* [Problem details]: In your copy, include every line of the listing below exactly but none of the pictures.

* [Given information]:
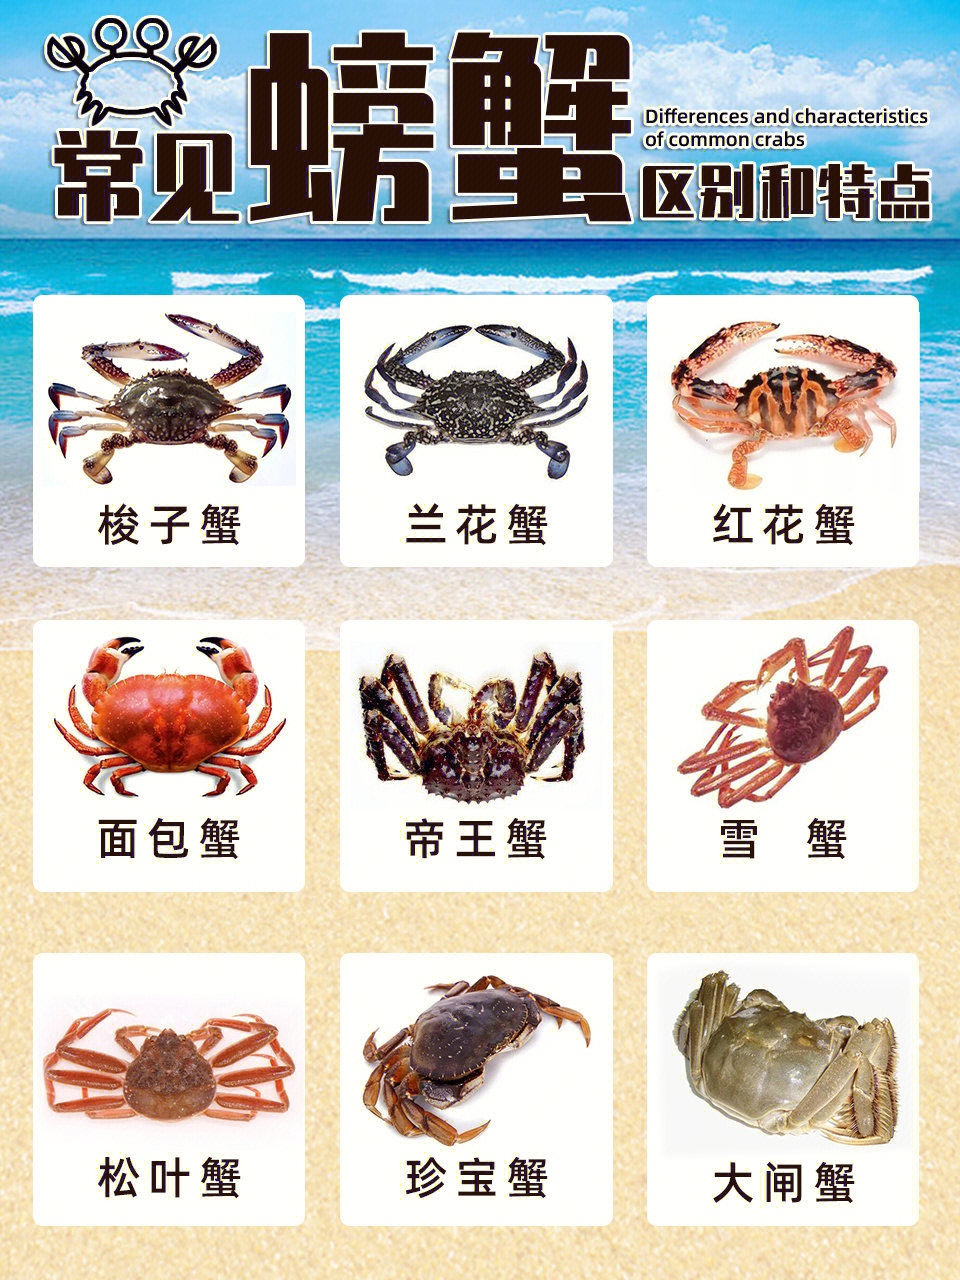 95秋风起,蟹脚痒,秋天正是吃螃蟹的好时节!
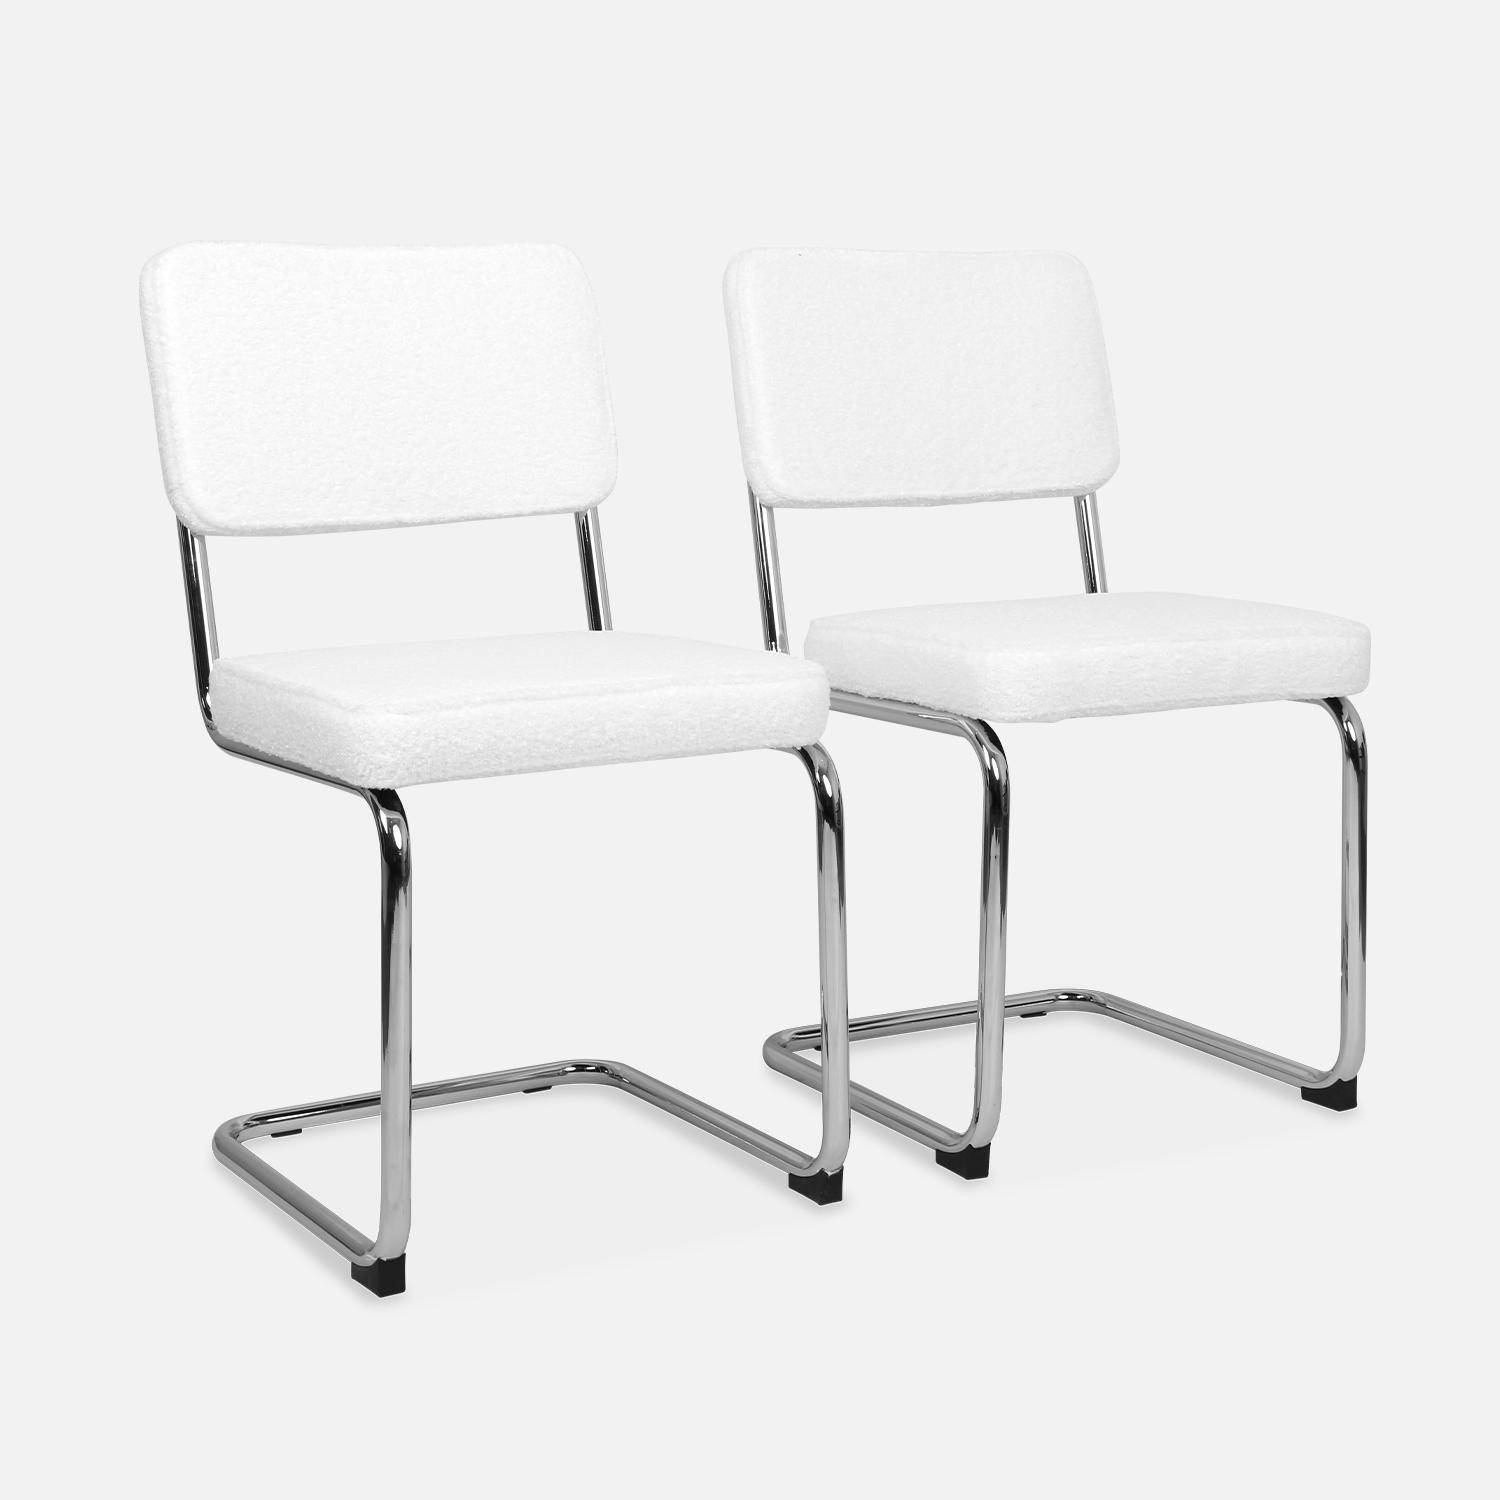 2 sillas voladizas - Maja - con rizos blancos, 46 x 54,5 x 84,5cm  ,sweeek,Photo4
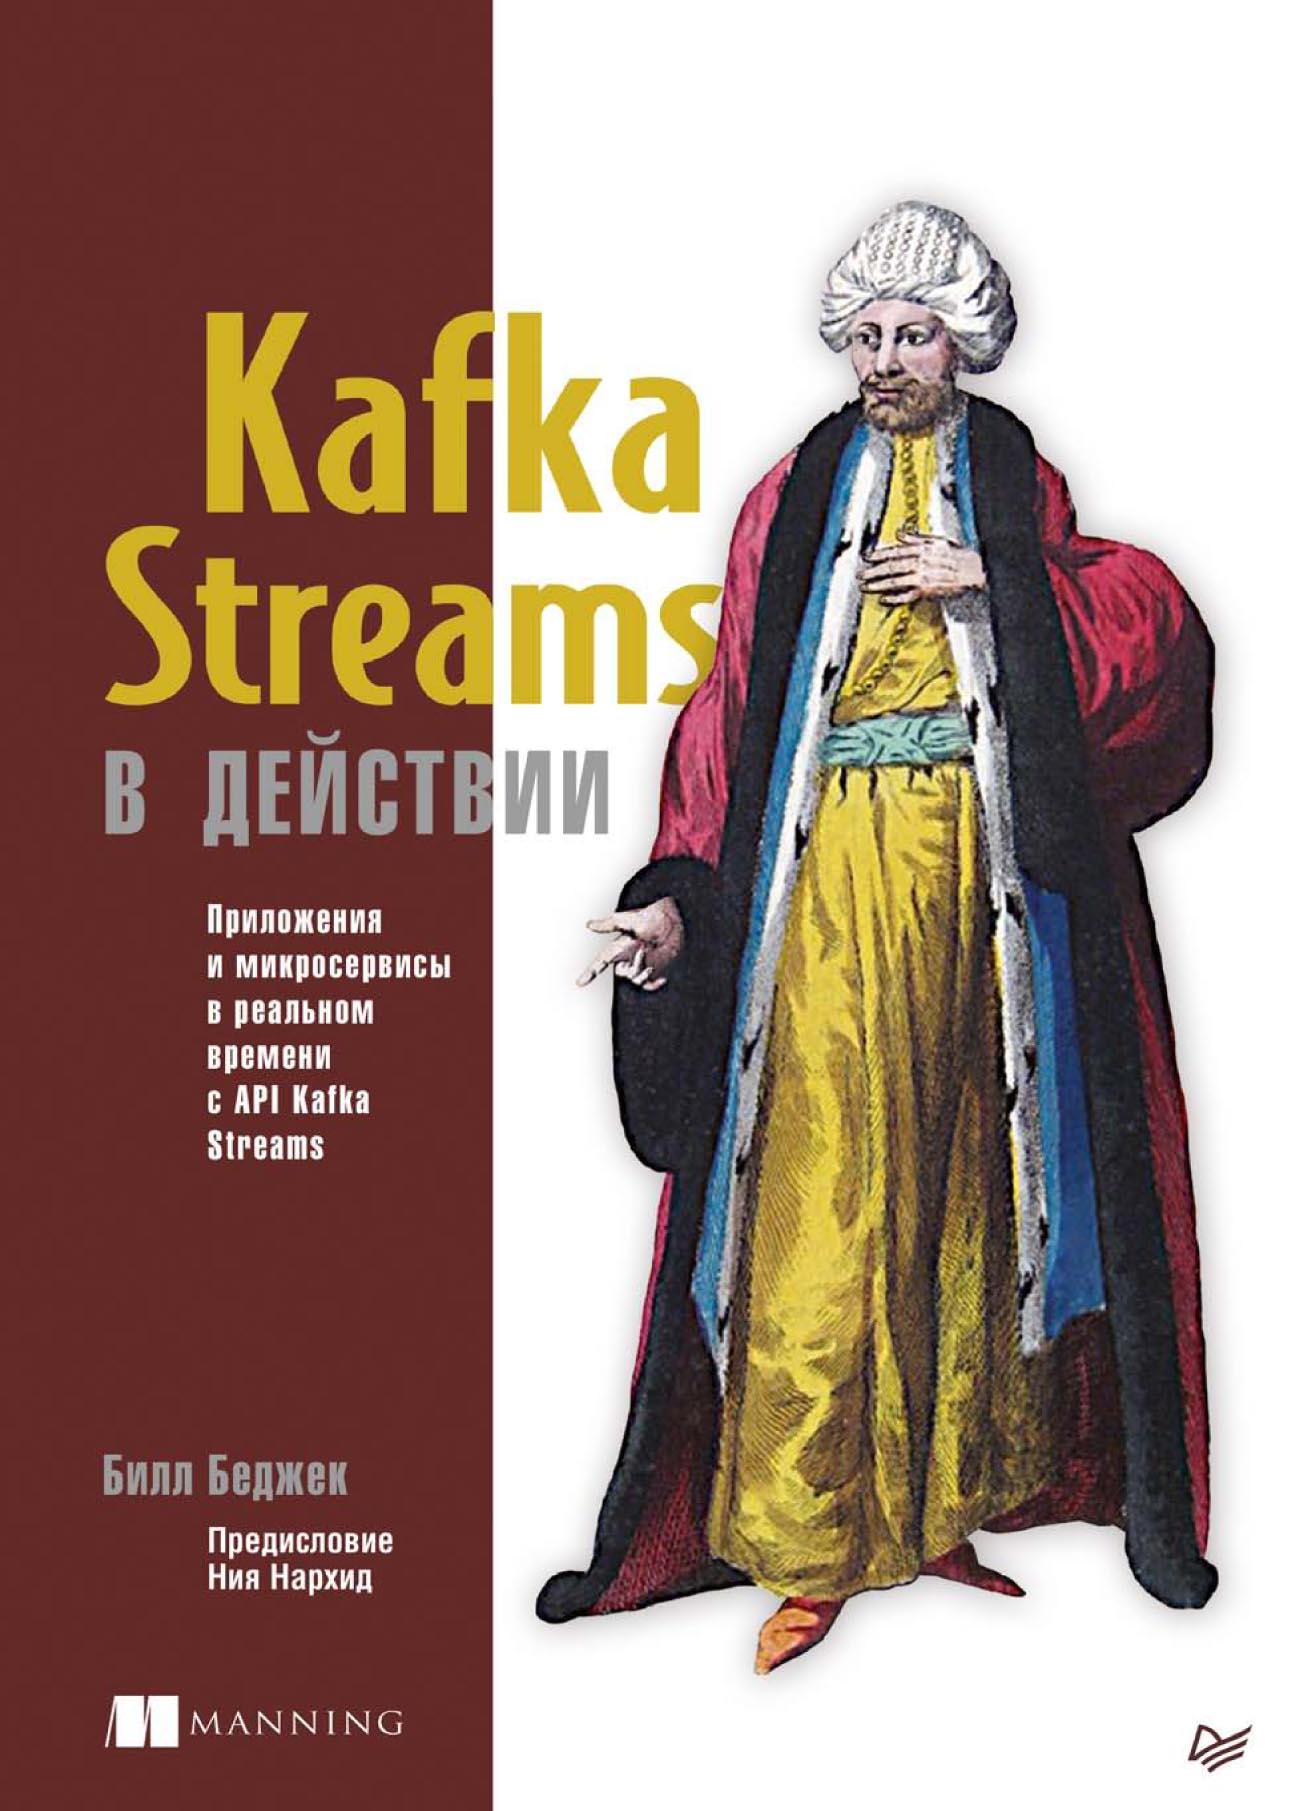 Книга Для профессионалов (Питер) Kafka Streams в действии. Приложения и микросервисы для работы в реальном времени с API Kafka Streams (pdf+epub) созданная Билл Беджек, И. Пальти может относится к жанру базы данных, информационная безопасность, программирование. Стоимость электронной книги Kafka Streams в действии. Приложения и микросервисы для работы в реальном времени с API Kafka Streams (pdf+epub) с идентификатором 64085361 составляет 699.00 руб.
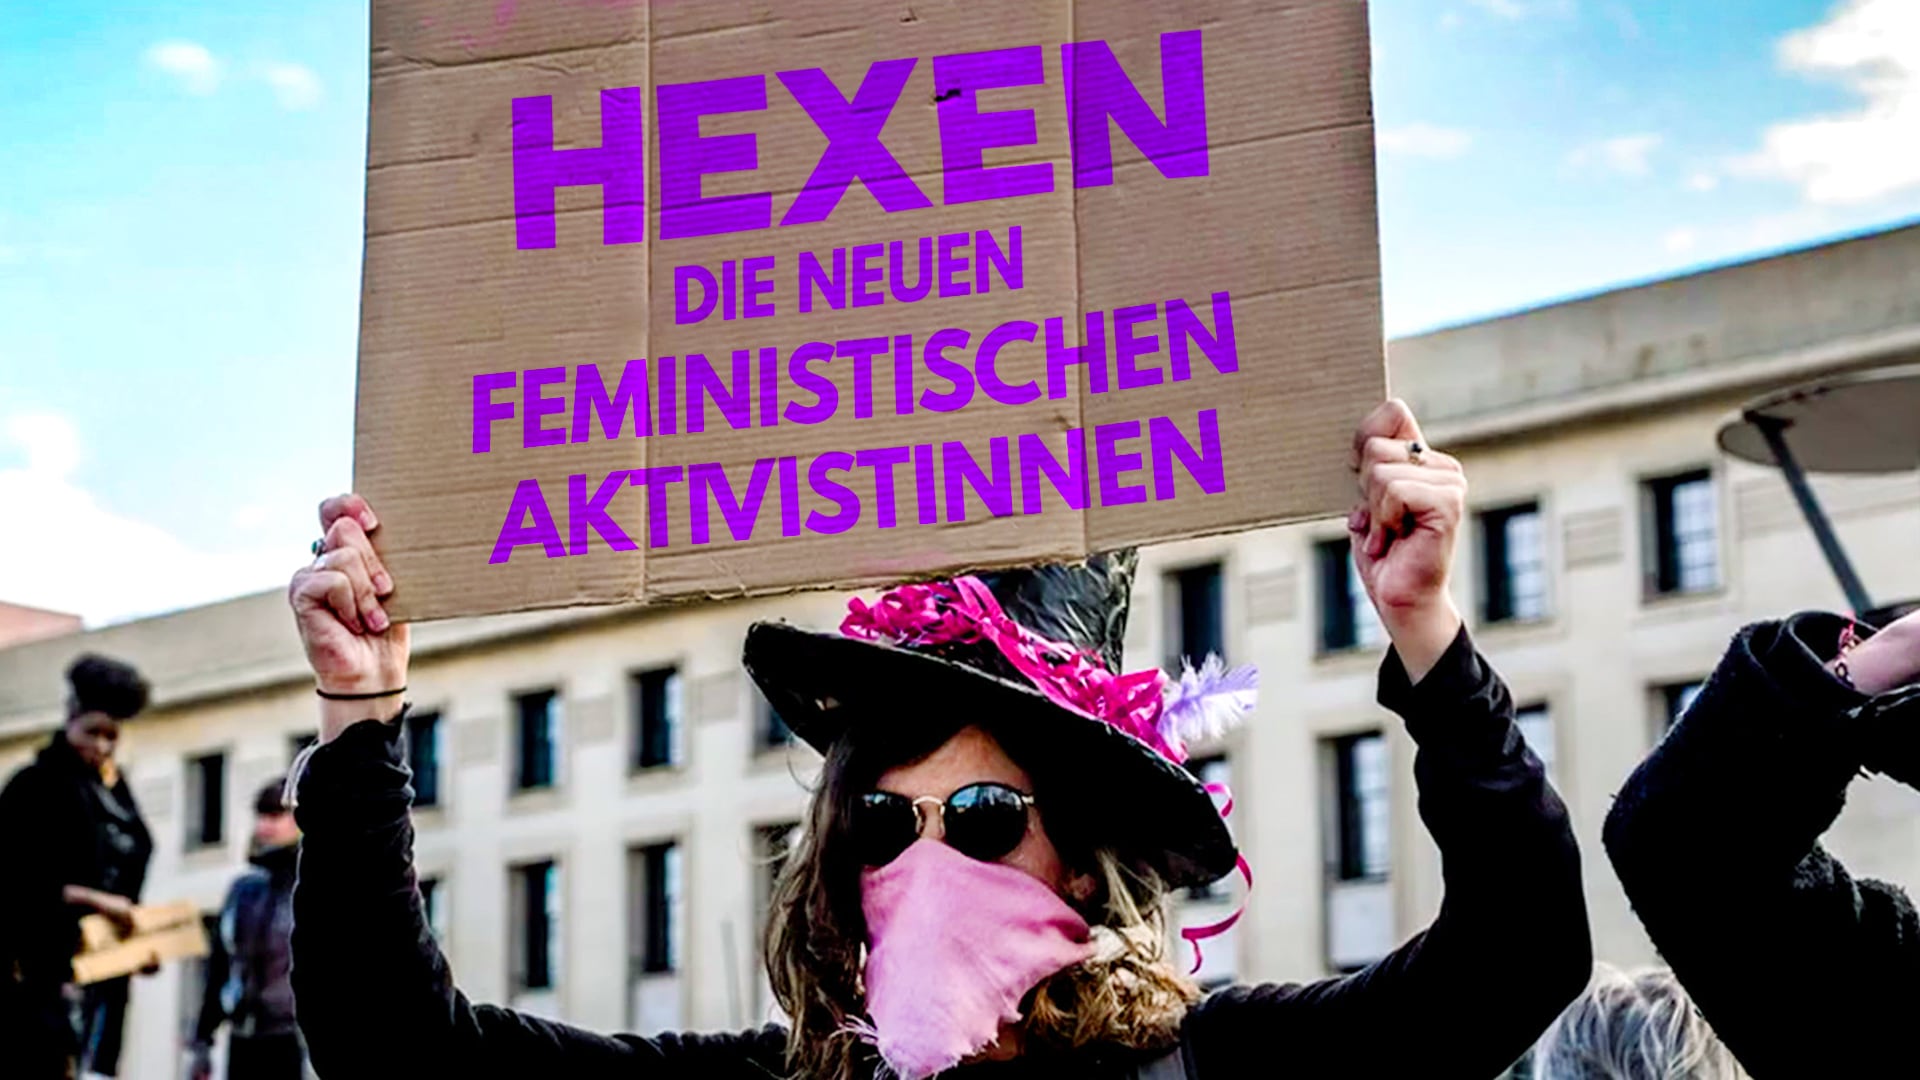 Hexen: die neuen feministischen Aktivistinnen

* [Exercise solution]:
 95秋风起,蟹脚痒,秋天正是吃螃蟹的好时节!
 2 sillas voladizas - Maja - con rizos blancos, 46 x 54,5 x 84,5cm  ,sweeek,Photo4
 Книга Для профессионалов (Питер) Kafka Streams в действии. Приложения и микросервисы для работы в реальном времени с API Kafka Streams (pdf+epub) созданная Билл Беджек, И. Пальти может относится к жанру базы данных, информационная безопасность, программирование. Стоимость электронной книги Kafka Streams в действии. Приложения и микросервисы для работы в реальном времени с API Kafka Streams (pdf+epub) с идентификатором 64085361 составляет 699.00 руб.
 Hexen: die neuen feministischen Aktivistinnen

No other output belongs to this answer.